Perhaps the ultimate issue with the widespread success and adoption of online video is about the way we are approaching quality— from the inside out (stream to user) rather than from the outside in (user to stream). For the industry to reach a tipping point, we need to start tackling the problem of quality from the user’s perspective, to really see the player as the new set-top box, and, perhaps most importantly, to implement industrywide standards around QoE (and QoS). Until we can get everyone working from the same playbook, users will never have a consistent, broadcast-quality experience from one OTT provider to the next. And they’ll keep turning back to the source that meets their quality expectations—the TV.

The SVA Pushes for QoE Standards

The Streaming Video Alliance (SVA), established in 2014, has set out to provide some standardization to online video quality. “We believe that there are four key metrics to measure,” says Thomas Edwards, chair of the SVA’s working group on quality of experience (QoE). “Video start time (in seconds), rebuffering ratio (in percentage), average bitrate (in bits per second), and video start failure (yes or no).

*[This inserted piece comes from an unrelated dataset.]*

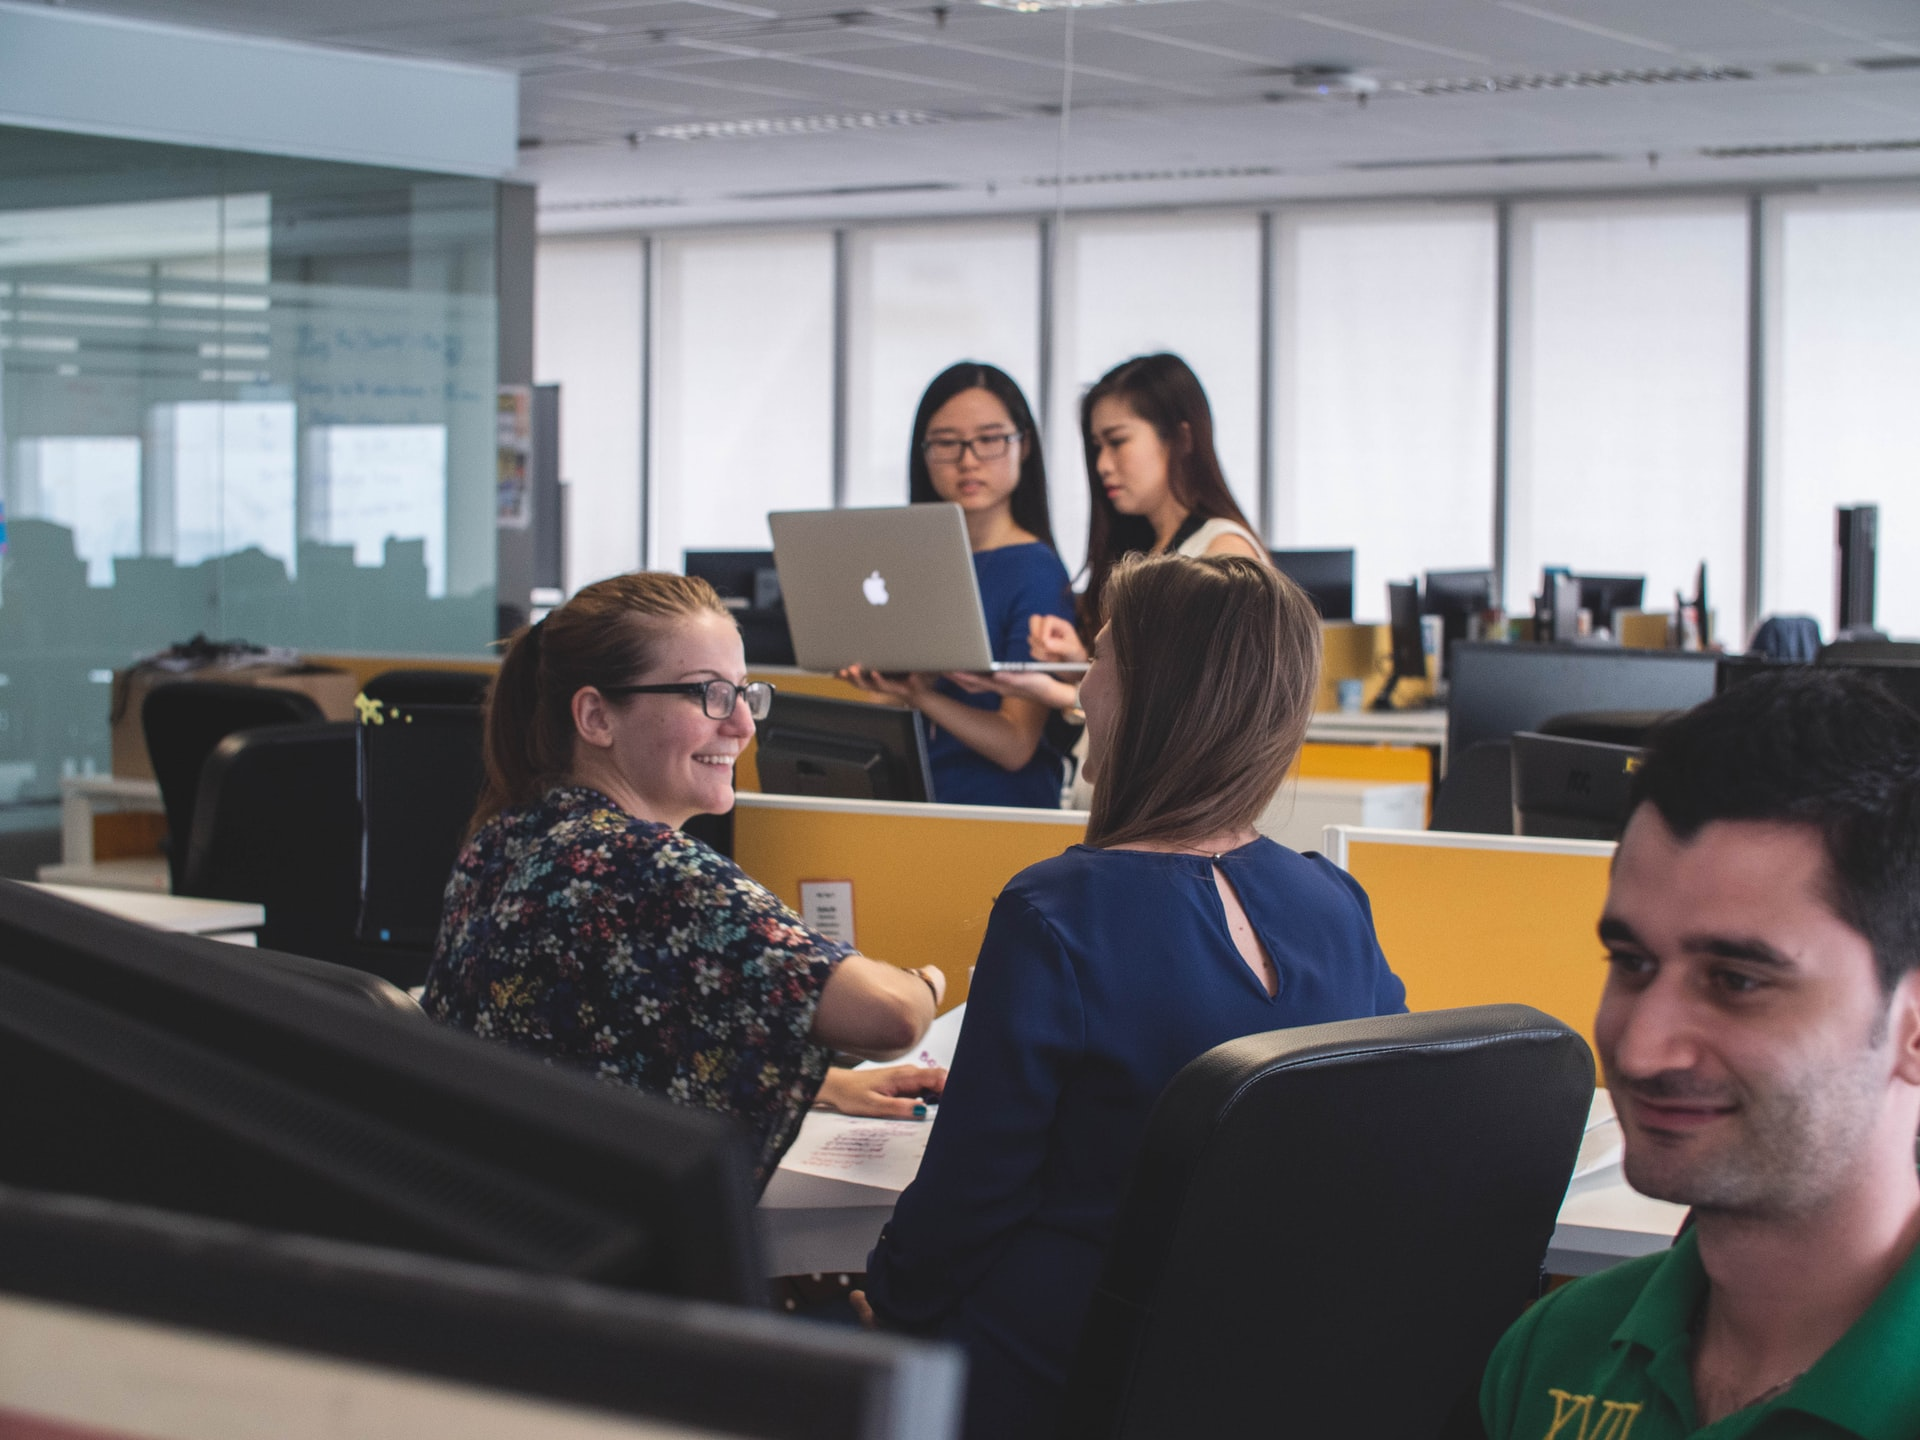 People inside an office.

Together, these metrics not only tell us when something wrong is happening with the experience of watching online video but, ultimately, the direction we need to look to fix it.” The SVA, as a relatively young industry forum, is tilling some hard ground. “It’s not easy to get everyone to agree even on the definitions of these metrics,” says Edwards. “So we have to start at the beginning. We have to take a step back and ask the hard questions before we can even attempt to take steps forward in defining the online video experience.”

This article originally ran in the June 2016 issue of Streaming Media magazine as “How Do You Spell OTT Success? Q-U-A-L-I-T-Y.”